Apparently, a lot of people want the feds to enforce unconstitutional laws because refusing to do so will “break the system.”

Recently, we released a report showing the Trump administration has ramped up enforcement of federal gun laws. ATF enforcement actions were up more than 10% in the first year Trump was in office compared to Obama’s last year.

Several people wrote to take issue with the report, arguing that the president is obligated to enforce every law. Here’s one example.

“This is inappropriate.  You are complaining that under Trump the laws are being enforced.  You have to be kidding.  Do you really want your public officials to decide what laws they will enforce and what laws they will not?  Our country is a mess because special interests encourage their public officials to commit official misconduct toward their benefit. If you disagree with the gun laws, do what you can to change it, but don’t undermine the entire system to serve a personal interest.”

In other words, our emailer thinks it’s imperative to enforce every law, no matter how constitutionally dubious, because refusing to do so will break the system. His devotion to the process actually leads him to believe failing to follow it constitutes “official misconduct, even to stop an unconstitutional action”

The truth of the matter is enforcing an unconstitutional act is wrong in and of itself. You could refer to it as official misconduct. As Alexander Hamilton asserted in Federalist #78. an unconstitutional law is “void.”

You don’t enforce “void” laws.

Of course, the counter-argument is that the president has to enforce the law until a federal court declares it unconstitutional.
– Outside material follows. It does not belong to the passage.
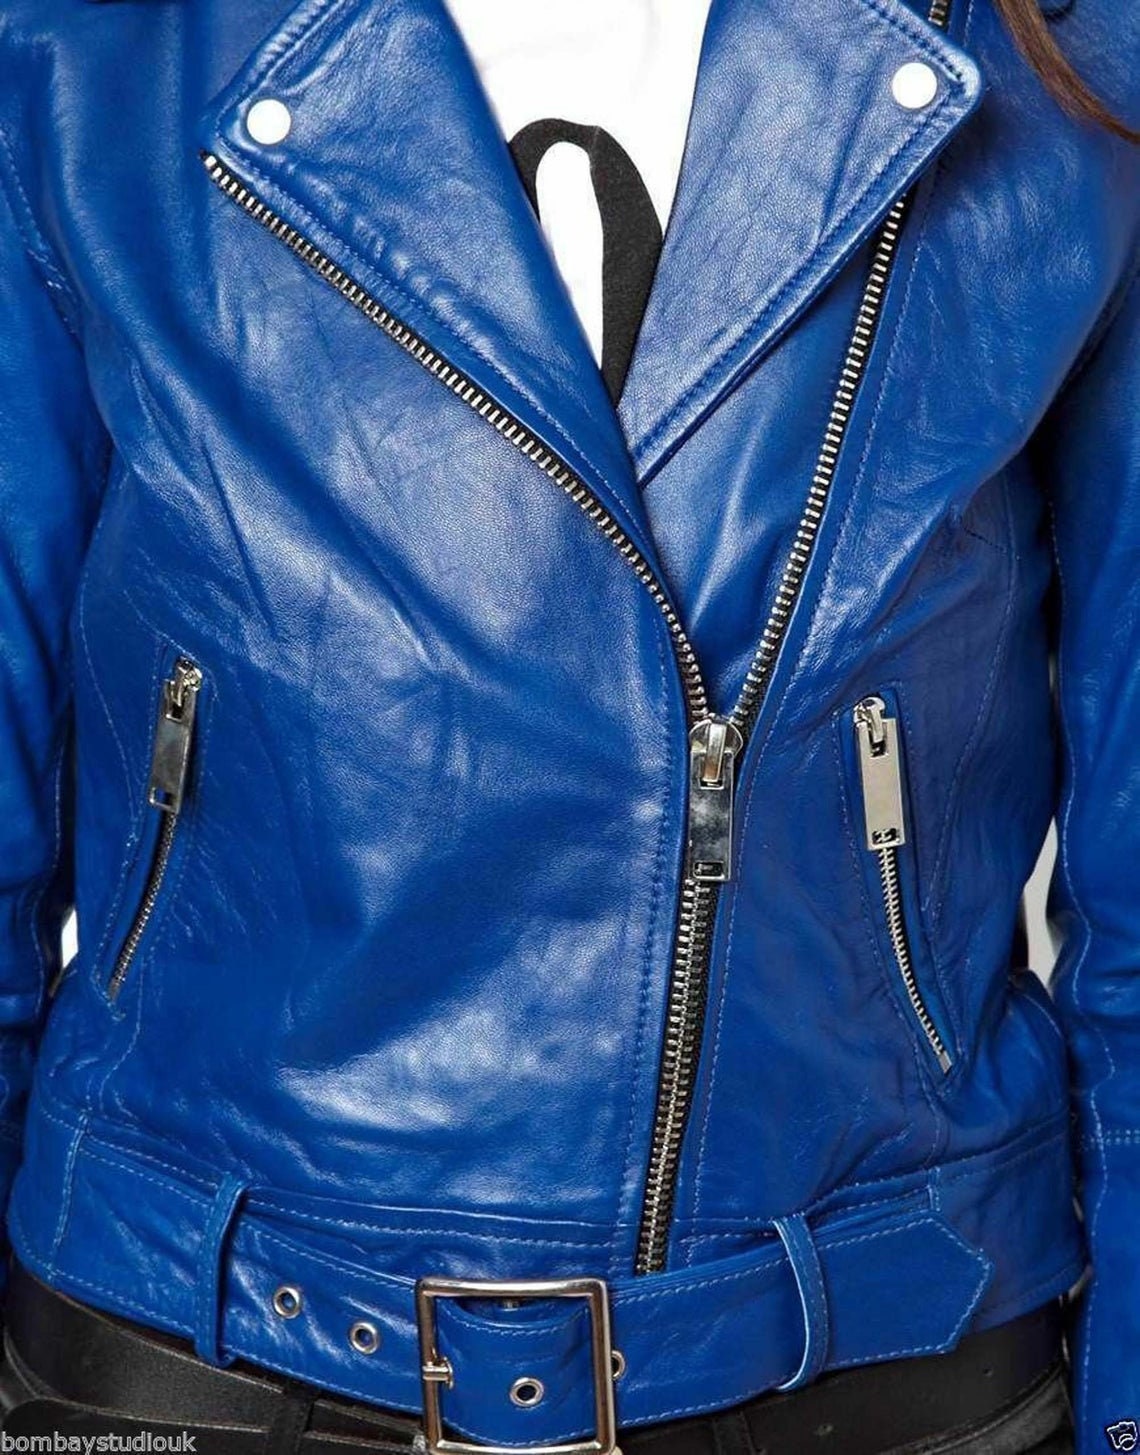 LINDSEY STREET Women's Lambskin Leather Ladies Jacket Biker Motorcycle Slim Fit Blue Jacket for Girls Gift for Her Birthday Gift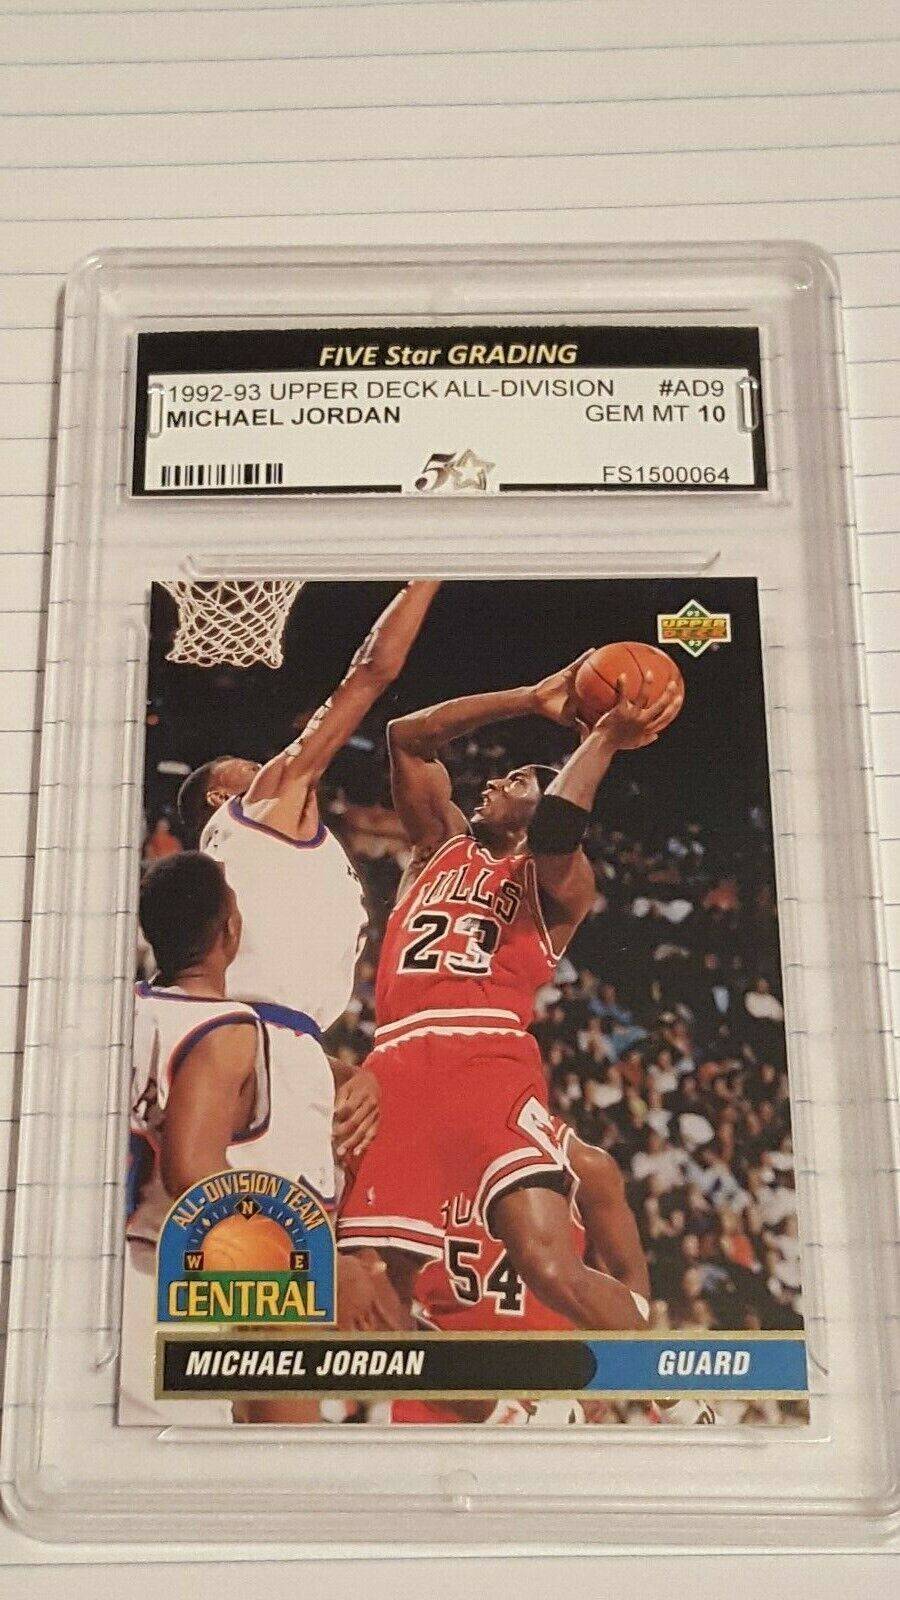 1992-93 Upper Deck All Division Michael Jordan Basketball Card (Gem Mint 10)

Thomas Jefferson disagreed. He said each branch of the government is responsible for protecting the integrity of the Constitution, no matter what the other branches do. In an 1819 letter to Judge Spencer Roane, he wrote.

…each department is truly independent of the others, and has an equal right to decide for itself what is the meaning of the constitution in the cases submitted to its action; and especially, where it is to act ultimately and without appeal.

James Madison agreed with Jefferson. As a member of the First Congress, he made a speech on the House floor saying, “It is incontrovertibly of as much importance to this branch of government as to any other, that the Constitution should be preserved entire. It is our duty, so far as it depends on us, to take care that the powers of the Constitution be preserved entire to every department of government.” [Emphasis added]

Later, Madison wrote in an 1834 letter to an unknown recipient:

“As the Legislative, Executive & Judicial Departments of the U. S. are co-ordinate, and each equally bound to support the Constitution, it follows that each must in the exercise of its functions, be guided by the text of the Constitution according to its own interpretation of it; and consequently, that in the event of irreconcileable interpretations, the prevalence of the one or the other Departmt. must depend on the nature of the case, as receiving its final decision from the one or the other, and passing from that decision into effect, without involving the functions of any other.” [Emphasis added]

Pres. Andrew Jackson made the same point even more clearly in his national bank veto.

“The Congress, the Executive and the Court must each for itself be guided by its own opinion of the Constitution. Each public officer who takes an oath to support the Constitution swears that he will support it as he understands it, and not as it is understood by others.” 

I’ll take this a step further. If the president enforces a law he knows is unconstitutional, he commits treason.

That may sound like an extreme statement, but that’s exactly what St. George Tucker said. In the first systematic commentary on the Constitution, he wrote:

“If in a limited government, the public functionaries exceed the limits which the constitution prescribes to their powers, every such act is an act of usurpation in the government, and, as such, treason against the sovereignty of the people, which is thus endeavored to be subverted and transferred to the usurpers.” [Emphasis added]

Every person who swears an oath to defend and protect the Constitution takes on the obligation to act when anybody threatens it – that includes people in other branches of the federal government. Insisting that the president must enforce every law, including those that clearly require the exercise of powers that were not delegated to the federal government, undermines the Constitution. Enforcing unconstitutional acts does not uphold the rule of law. It obliterates it.

People like our emailer who claim nullification destroys the system miss the point. Usurpation of power and unconstitutional acts already threaten to destroy the system. Letting these acts continue because of fidelity to some mythical process doesn’t save the system. It breaks it down further.